En 2016 est née l’envie d’aller plus loin dans l’idée du comedy club en France, d’aller plus loin dans l’idée de professionnalisme dans les scènes dédiées au stand-up. C’est après avoir vu à Montréal le “Bordel Comedy Club”. J’avais visité les Comedy Club emblématiques des States, le Comedy Store, la Factory, mais c’est vraiment celui de Montréal qui m’a marqué.
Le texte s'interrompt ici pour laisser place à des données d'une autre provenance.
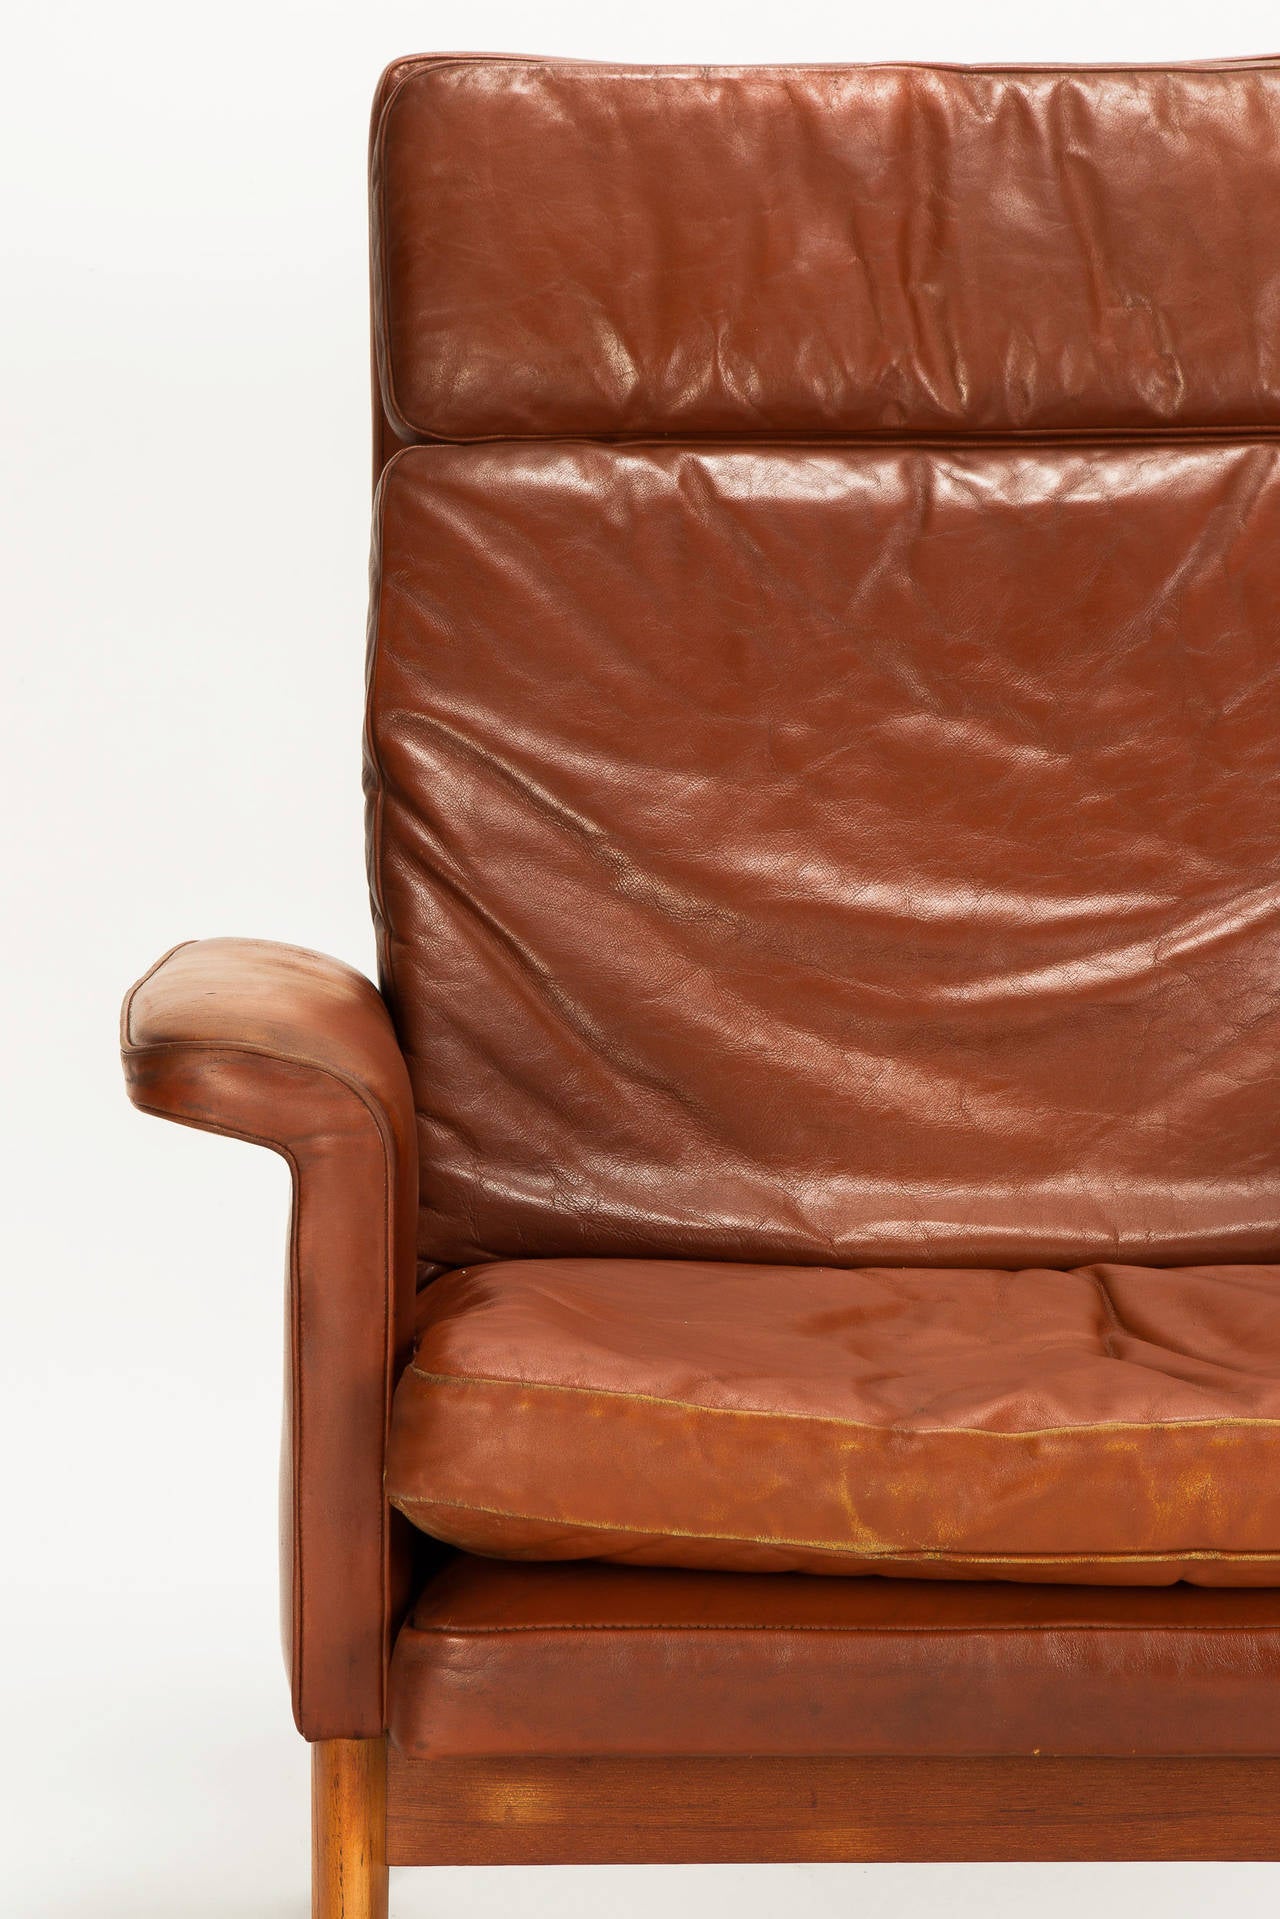 Danish Jupiter High Back Chair Leather Teak by Finn Juhl, 1960s

Il a été imaginé spécialement pour le stand-up donc forcément mieux pensé, c’est un peu comme à Paris si on pense au Paname Art Café, certains se sont faits dans des accidents et c’est ce qui est beau, mais ce n’est pas toujours l’idéal. Au “Bordel Comedy Club” tout a été réfléchi, l’acoustique, le nombre de personnes, le bon endroit ou asseoir les gens dans la salle pour que tout le public puisse profiter pleinement de la résonance. Dans une salle comme ça, je n’ai jamais entendu des rires aussi forts de toute ma vie. La disposition est incroyable. Il y a une petite lumière rouge pour dire à l’humoriste sur scène que son temps est écoulé, en loge il y a des écrans qui retransmettent ce qui se passe là-haut.
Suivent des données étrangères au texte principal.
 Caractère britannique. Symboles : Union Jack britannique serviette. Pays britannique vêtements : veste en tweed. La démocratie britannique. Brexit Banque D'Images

C’est comme ça qu’a été pensé le Madame Sarfati, un lieu pour les professionnels.

On s’est complètement inspiré de ce lieu. Je n’ai pas la carrure des humoristes de là-bas pour réussir à réaliser exactement pareil. C’est comme si Florence Foresti, Gad Elmaleh ou Jamel Debbouze faisaient un comedy club. Il y en a peu à leur niveau.
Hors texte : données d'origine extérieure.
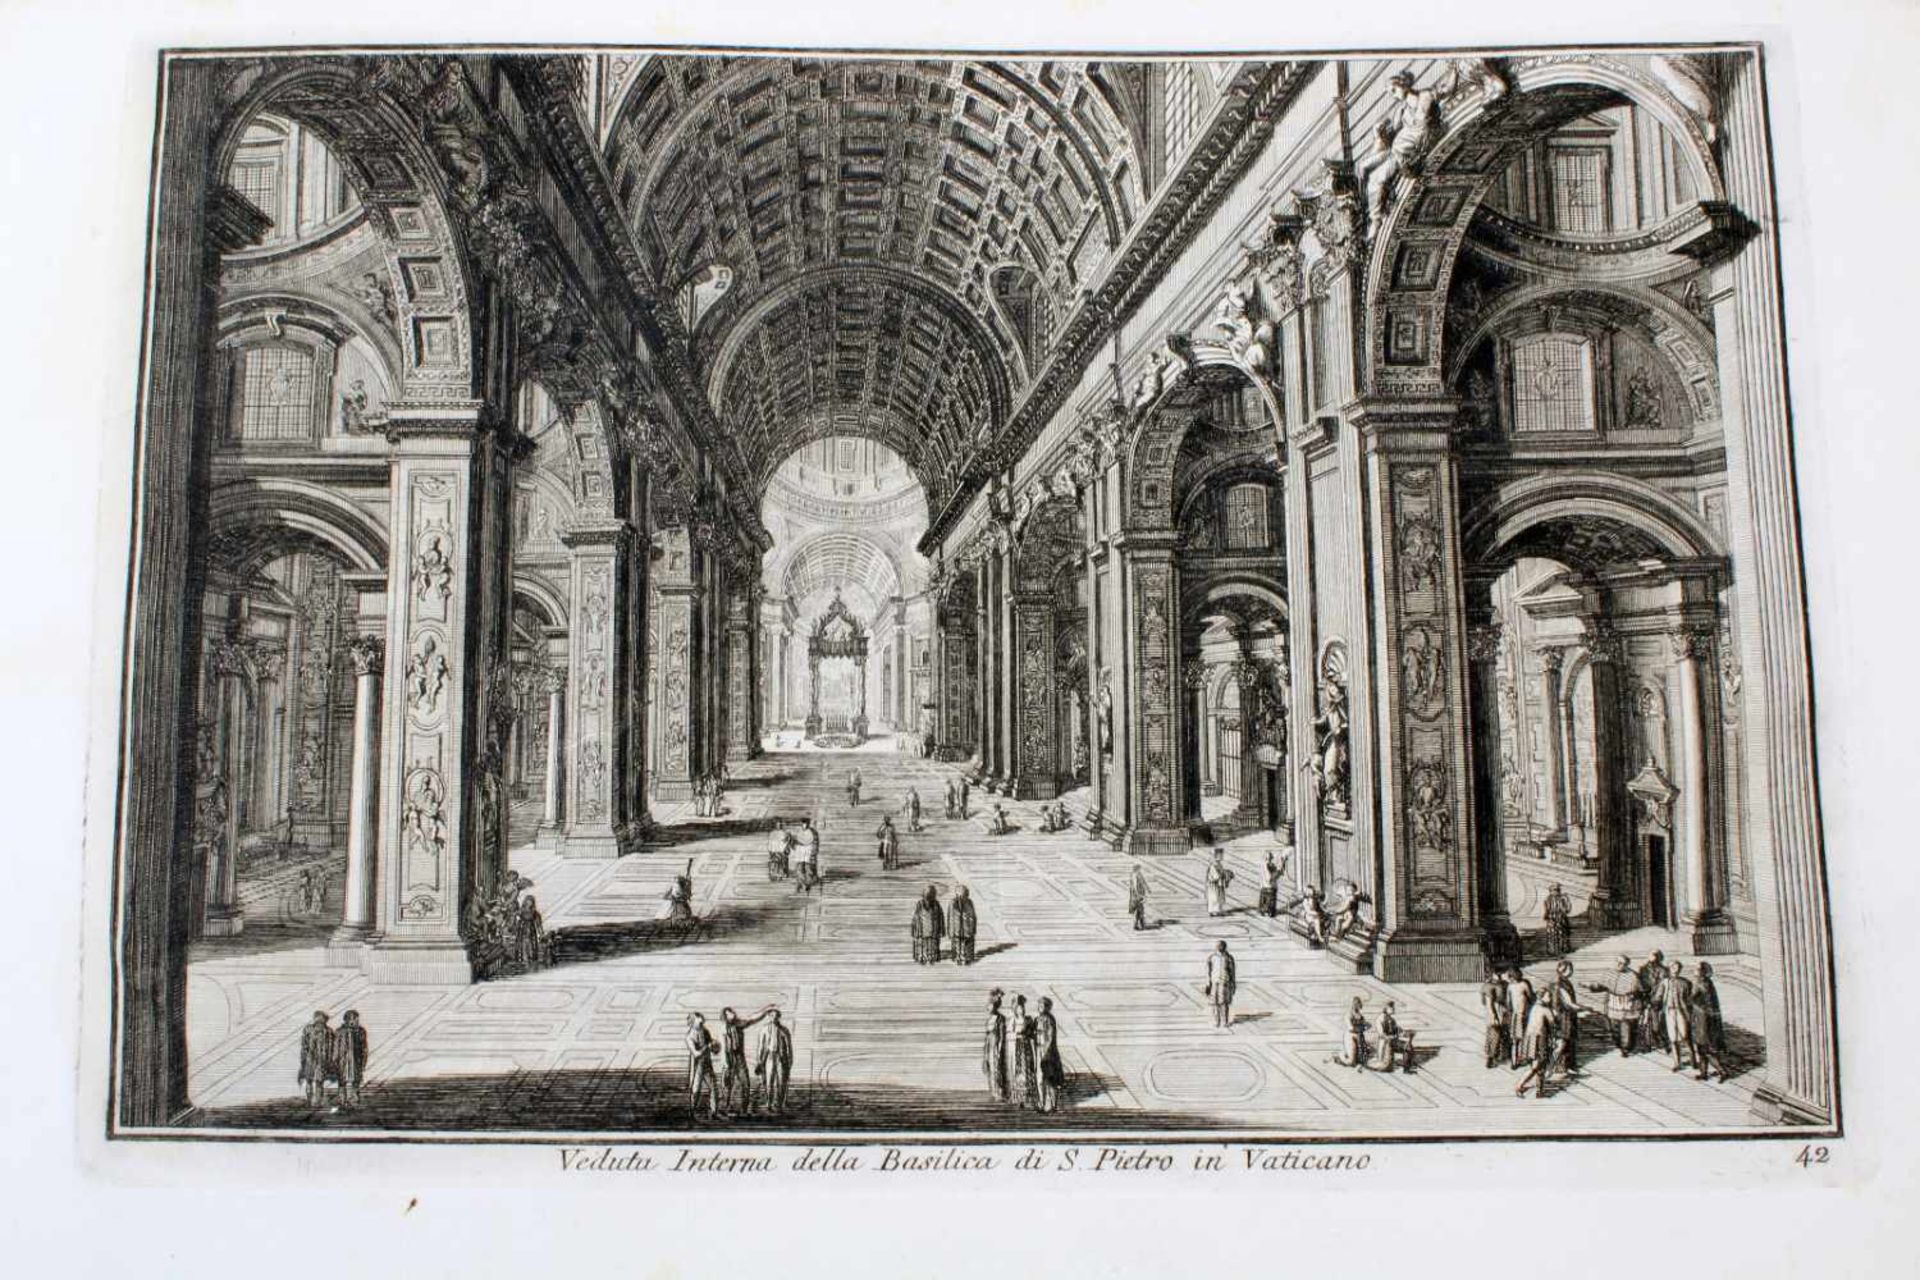 Roma - 64 Originalradierungen Ansichten von Rom - Giuseppe Vasi (1710 - 1782)Die Radierungen sind - Bild 19 aus 69

Tu ne te considères pas de cette trempe là ? 

Pas du tout. Il n’y a pas d’humoristes aujourd’hui qu’on peut mettre et qu’on pourra mettre au même niveau que ces trois là. C’est les trois Sannins légendaires, pour ceux qui regardent Naruto. C’est les piliers de l’humour en France. Peut-être qu’on les voit moins aujourd’hui parce qu’ils ont moins d’actualité, mais chacun dans leur domaine, ce sont des mastodontes. Jamel ça dépasse les limites de l’humour, c’est une icône, il a ouvert la place à un paysage dans les médias et dans le monde télévisuel. C’est le Mohamed Ali de sa catégorie. Ça dépasse les limites de son art. Florence Foresti parce qu’elle vient faire mieux que ses prédécesseurs, que c’est une femme qui s’est imposée et qu’elle a été pendant très longtemps la meilleure vendeuse humoriste. Et Gad Elmaleh pour tout ce qu’il a fait dans l’humour, il nous a choqué avec plein de personnages impactants, de vannes qui nous sont restées. Quand son DVD est sorti à l’époque, les gens ne parlaient que de ça. Ce sont les Zinedine Zidane, Ronaldo numéro 9 à l’époque dans le foot.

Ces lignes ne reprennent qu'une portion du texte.